╭─ Records shown
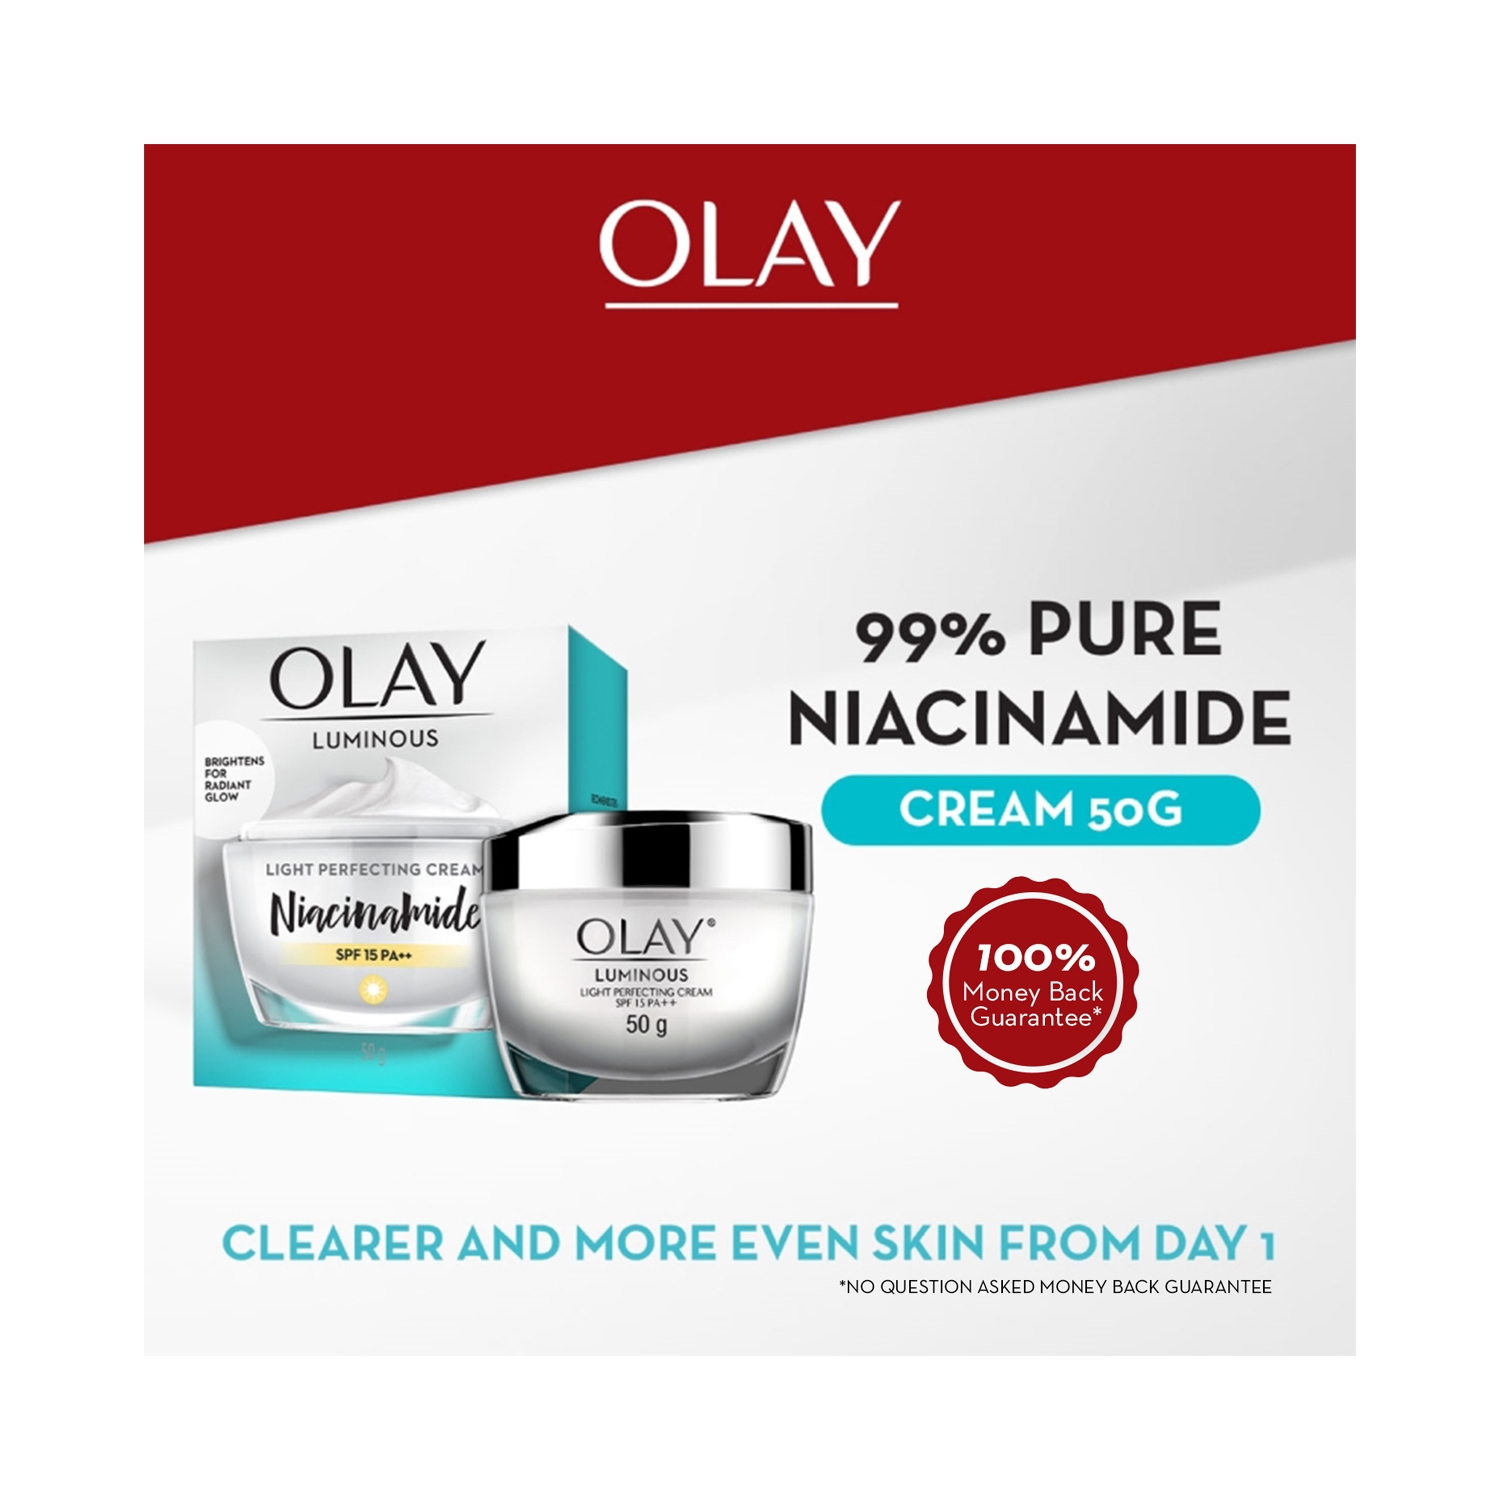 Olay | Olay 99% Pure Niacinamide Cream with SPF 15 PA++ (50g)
╰─
╭─ Records shown
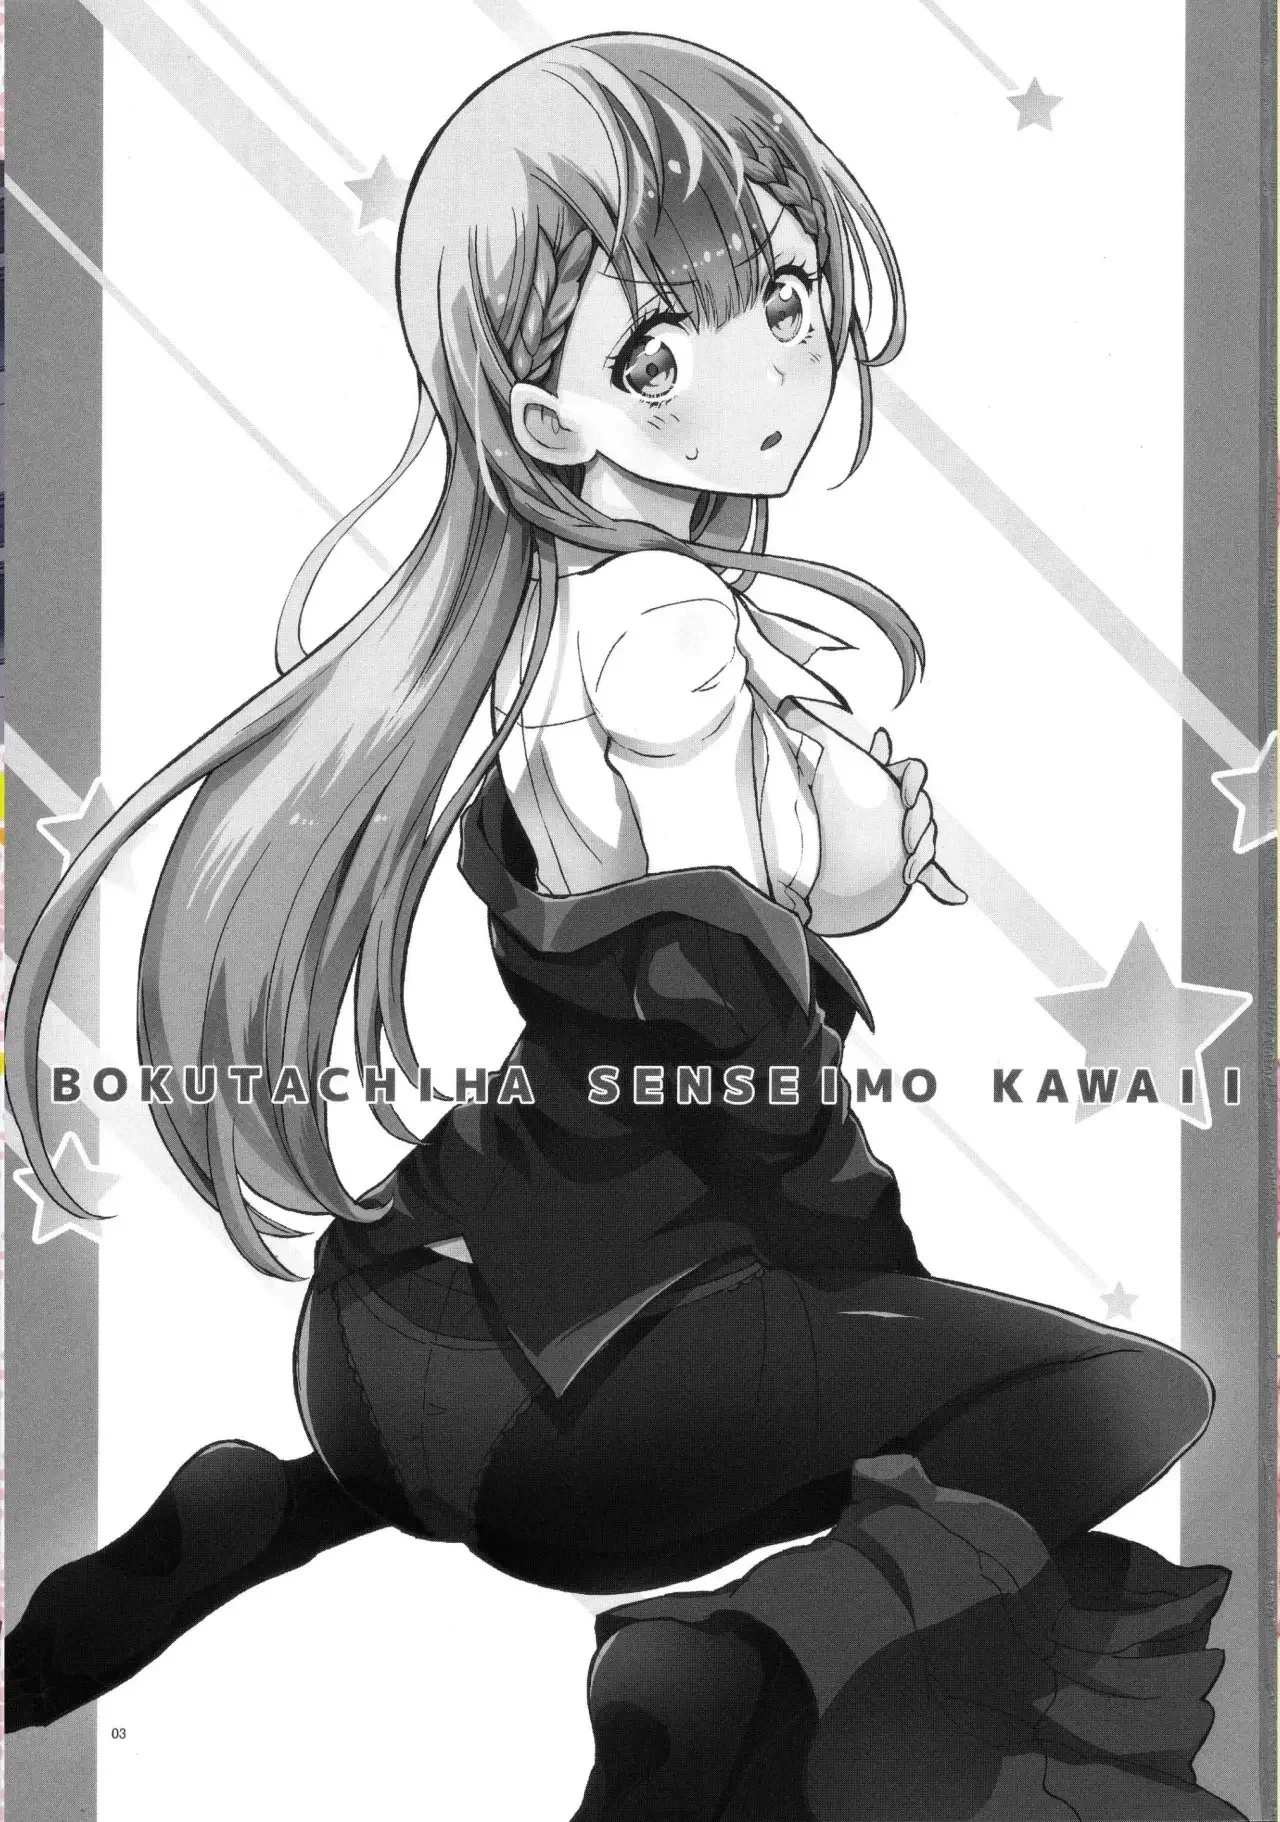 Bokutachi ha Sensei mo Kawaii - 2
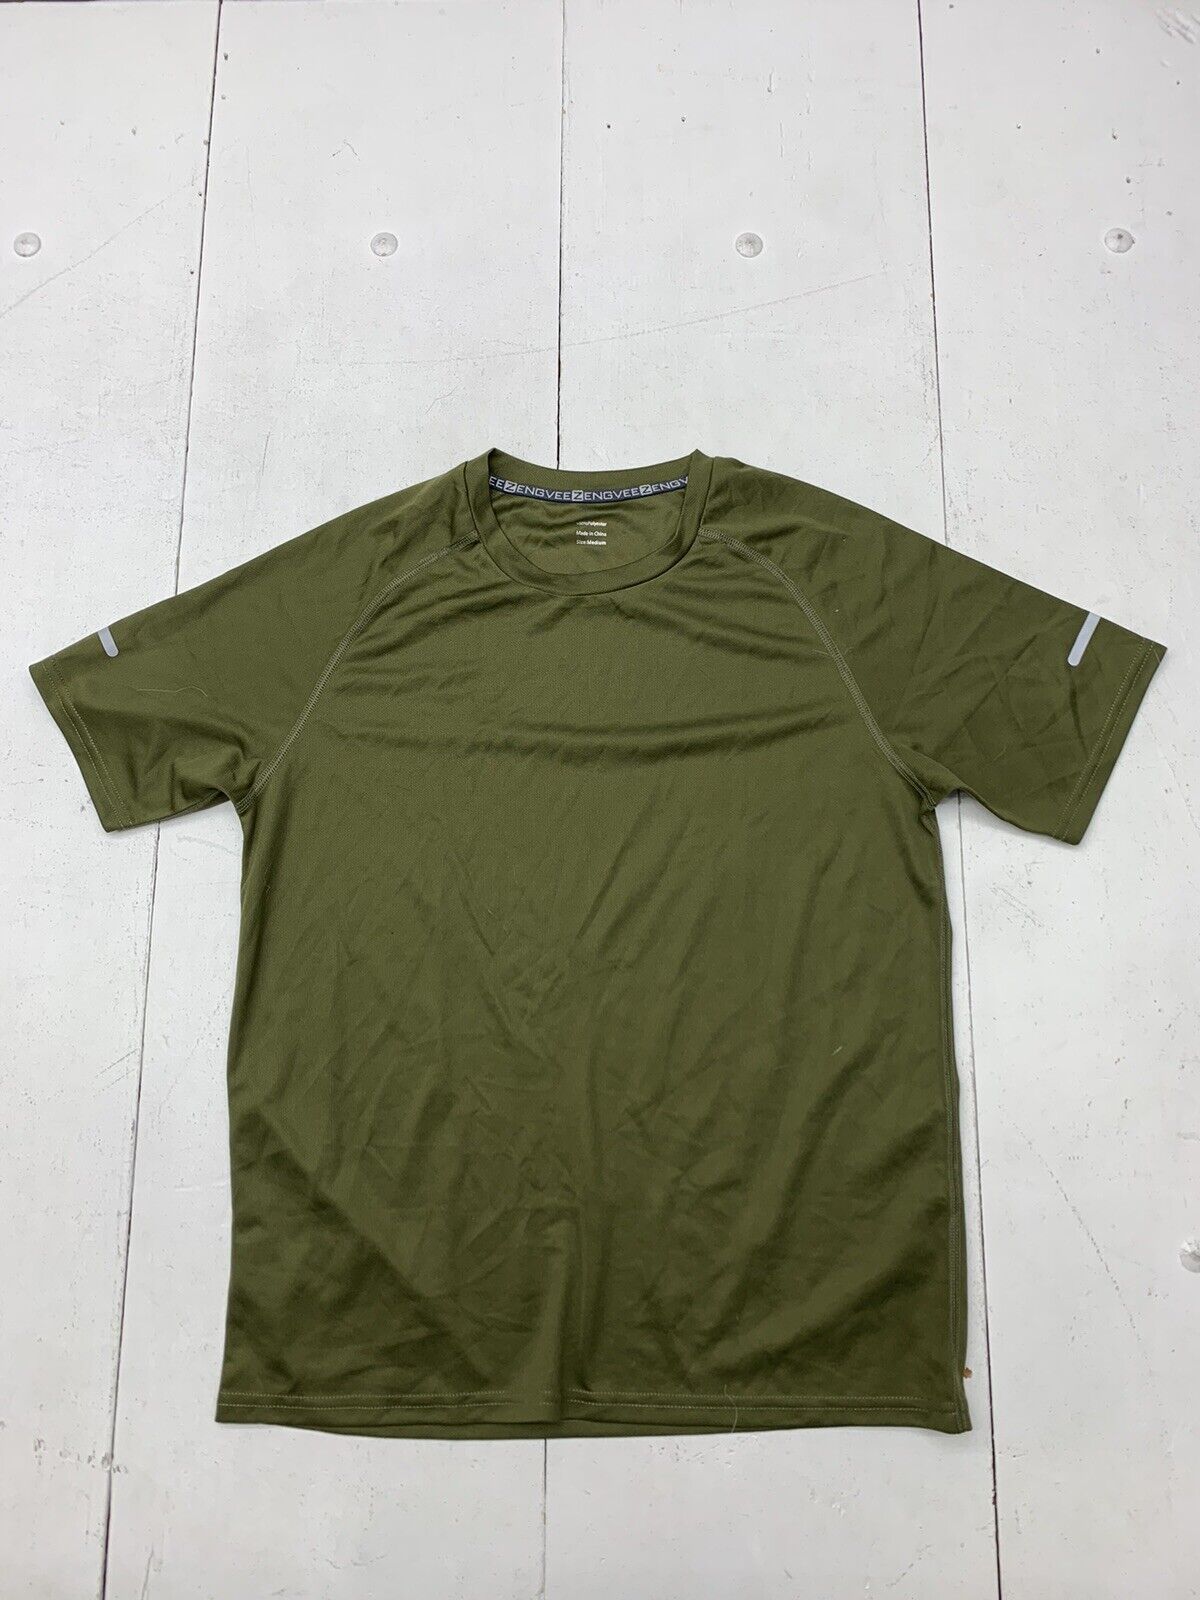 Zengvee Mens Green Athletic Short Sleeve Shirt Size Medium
╰─
╭─ Records shown
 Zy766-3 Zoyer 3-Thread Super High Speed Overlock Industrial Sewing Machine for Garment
╰─
• Instructions to follow
Reproduce, word for word, everything in the listing above from the line containing "Bokutachi ha Sensei mo Kawaii - 2" down to the line containing "Zengvee Mens Green", both of them included. No pictures.

• Exercise result
 Bokutachi ha Sensei mo Kawaii - 2
 Zengvee Mens Green Athletic Short Sleeve Shirt Size Medium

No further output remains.